State v. Lamberth

822 S.E.2d 797
CourtCourt of Appeals of North Carolina
DecidedFebruary 5, 2019
DocketNo. COA18-370
StatusPublished

This text of 822 S.E.2d 797 (State v. Lamberth) is published on Counsel Stack Legal Research, covering Court of Appeals of North Carolina primary law. Counsel Stack provides free access to over 12 million legal documents including statutes, case law, regulations, and constitutions.

Bluebook
State v. Lamberth, 822 S.E.2d 797 (N.C. Ct. App. 2019).

Opinion

INMAN, Judge.

Malcolm Glenn Lamberth, Sr. ("Defendant") appeals from judgment entered upon his conviction for communicating threats. On appeal, Defendant contends that the indictment was insufficient to confer subject matter jurisdiction upon the trial court and that the trial court erred by denying his motion to dismiss the charge of communicating threats. After reviewing the record and applicable law, we find no error.

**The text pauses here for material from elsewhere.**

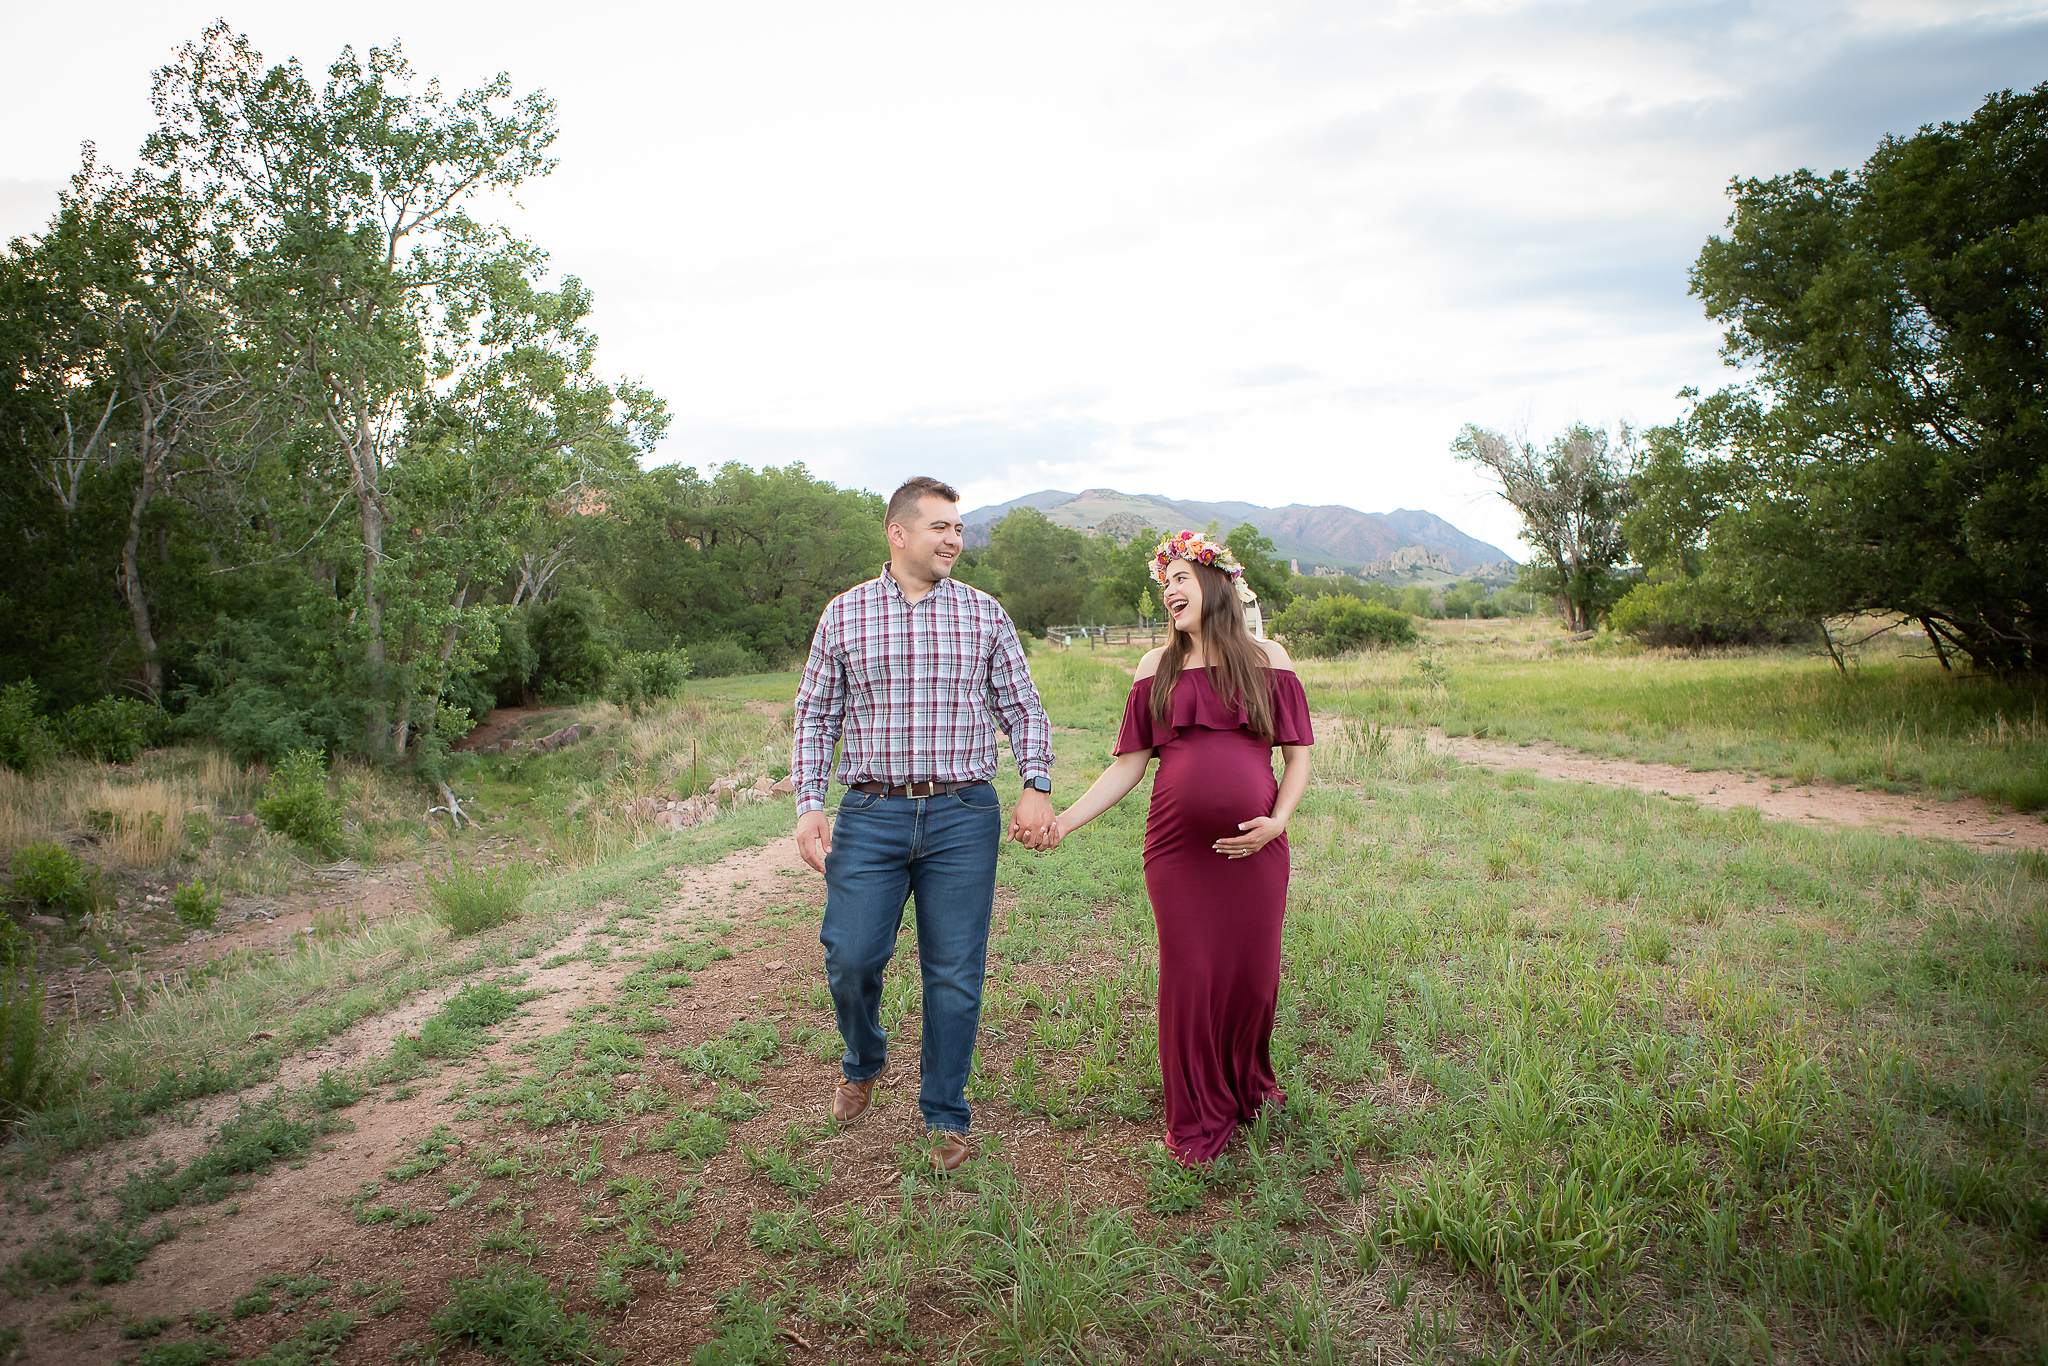 Colorado Springs Maternity Photography | The R Family on agkphotography.com

Factual and Procedural Background

At trial, the evidence tended to show the following:

On 17 July 2017, Defendant was tried in Person County Criminal Superior Court on the following charges: (1) three counts of dissemination of obscenity; (2) one count of intimidating a witness; (3) one count of obstruction of justice; (4) one count of communicating threats; and (5) one count of stalking.

In 1994, Defendant was convicted for murdering his brother, James Lamberth. Mr. Lamberth was survived by three children, including his daughter, Laura Lamberth Burton ("Mrs. Burton"). After serving six years of his fifteen-year sentence, Defendant was released from prison in 2000.

In 2004, Mrs. Burton and her husband, Eddie Burton ("Mr. Burton"), attended a musical event at Palace Pointe in Roxboro, North Carolina. As they were waiting near the door to meet Mrs. Burton's mother and their daughter, Mr. Burton observed Defendant enter the venue. Mr. Burton approached Defendant and told him not to "mess" with his family. Defendant then left the venue.

In 2015, Defendant obtained a permit for a vendor's booth at Roxboro's annual summer street festival to sell copies of a book he had authored. The book was entitled "Amusing Too" and written under the pseudonym "Imma Writer." In his book, Defendant wrote, "[i]n the year of 1994, I blew my brother's brains out with just one bullet." When Mr. and Mrs. Burton discovered that Defendant would be a vendor at the festival, they spoke with the Chamber of Commerce in an attempt to have Defendant's permit revoked. The Chamber of Commerce also received pressure to revoke Defendant's permit from other citizens of Person County, and, as a result, revoked Defendant's permit and issued him a refund.

In March 2016, Mrs. Burton received a letter postmarked on 1 March 2016. Mrs. Burton testified that she recognized the return address on the envelope as Defendant's address and Defendant's handwriting. The letter read as follows:

Dear Eddie, I once ventured to Palace Point [sic] to attend his show. I bumped into a nice niece-that Big Boy Burton. He said to me, "Stay the fuck away from my family" so now herein I say the very same back if he don't want to be fucked. Roxboro Com School.

Mr. and Mrs. Burton felt threatened by the letter and believed Defendant was capable of inflicting harm on their family. They took the letter to the police.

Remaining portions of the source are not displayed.